Privacy policy

Last updated: May 9, 2026

Atrium is operated by Ridgeline Labs LLC, a Georgia limited liability company doing business as Atrium ("Atrium," "we," "us," "our"). This policy explains what we collect, why, and what control you have.

What we collect

  • Account. Email address, and a password hash held by our authentication provider. If you sign in with Google, your email and Google account ID.
  • Your content. Alcoves, marks, photos, notes, and dates that you save. Photos are stored on Amazon S3.
  • Generated artifacts. Reflections produced by Atrium from your content (Through My Eyes, View Into the Alcove, Valediction).
  • Payments. If you purchase Keepsake or Legacy, Stripe processes the transaction. We receive a Stripe customer ID, the products purchased, subscription status, and timestamps. We never see your card number.
  • Operational data. Server logs (IP, browser, paths, errors) used to run and debug the service.

We do not run advertising trackers, sell data, or operate marketing pixels.

How we use AI

Atrium uses Claude, by Anthropic, to generate the reflections inside your alcoves. When an artifact is generated, the relevant content from that alcove is sent to Anthropic's API and the reflection is returned and stored.

We chose Anthropic deliberately. They are contractually committed not to use API content to train their models, and we make the same commitment to you: nothing you save in Atrium is used to train any AI system, ours or theirs.

How we use your data

To operate the service, generate the reflections you've signed up for, process payments, send transactional email, diagnose problems, and comply with legal obligations. Nothing else.

Subprocessors

The following companies process some portion of your data on our behalf, under contractual obligations:

Clerk (authentication), Anthropic (artifact generation), Stripe (payments), Vercel (hosting), Neon (database), Amazon Web Services (photo storage), Cloudflare (DNS), Sentry (error monitoring), Resend (email), Mapbox (reverse-geocoding photo coordinates to landmark or locality names).

Your rights

You can access, correct, export, or delete your data.
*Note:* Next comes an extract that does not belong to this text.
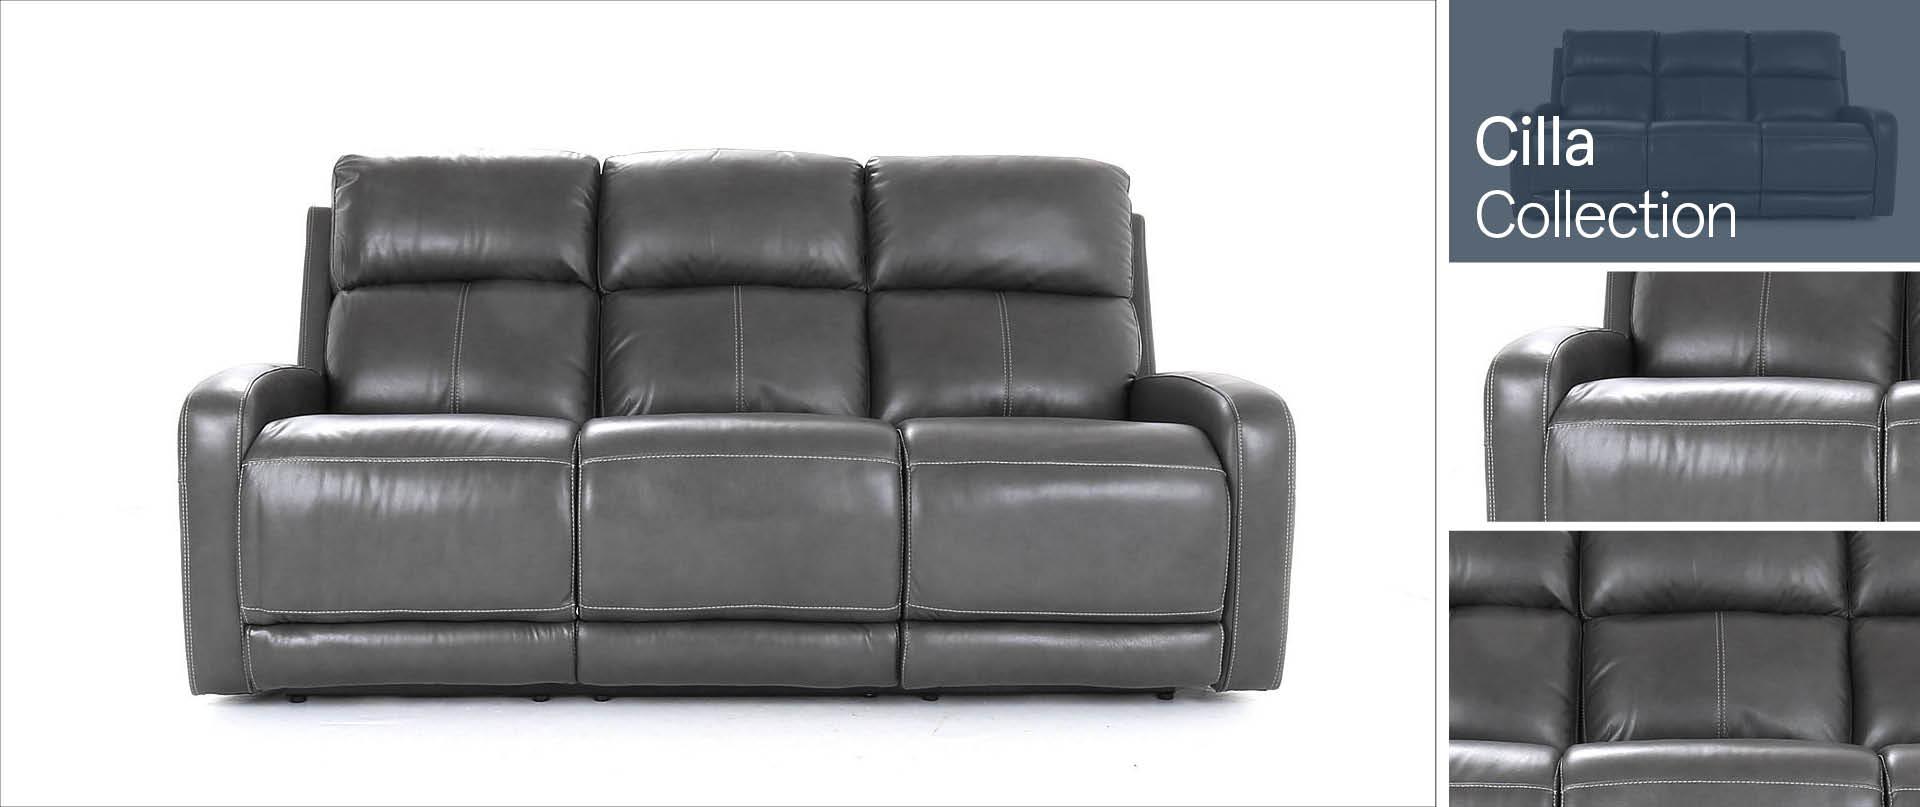 Cilla Leather Sofa Ranges

If you're in the EEA, UK, or California, you have additional statutory rights under the GDPR, UK GDPR, or CCPA — including objection to processing and non-discrimination for exercising your rights.

To exercise any right, email privacy@atrium.place. We respond within 30 days.

Account deletion

When you delete your account, your sign-in is closed immediately and your alcoves and content are retained for 30 days. To recover during that window, email privacy@atrium.place and we will re-open your sign-in. After 30 days, your account is permanently erased and we send you a confirmation. Routine backups age out within 30 days after that.

Children

Atrium is not directed at children under 13 and we do not knowingly collect their data. If a child has provided personal information, email privacy@atrium.place and we will delete the account.

Changes

If we make a material change, we'll notify you by email and update the date above. Continued use after the change constitutes acceptance.

Contact

privacy@atrium.place

Ridgeline Labs LLC, a Georgia limited liability company, doing business as Atrium.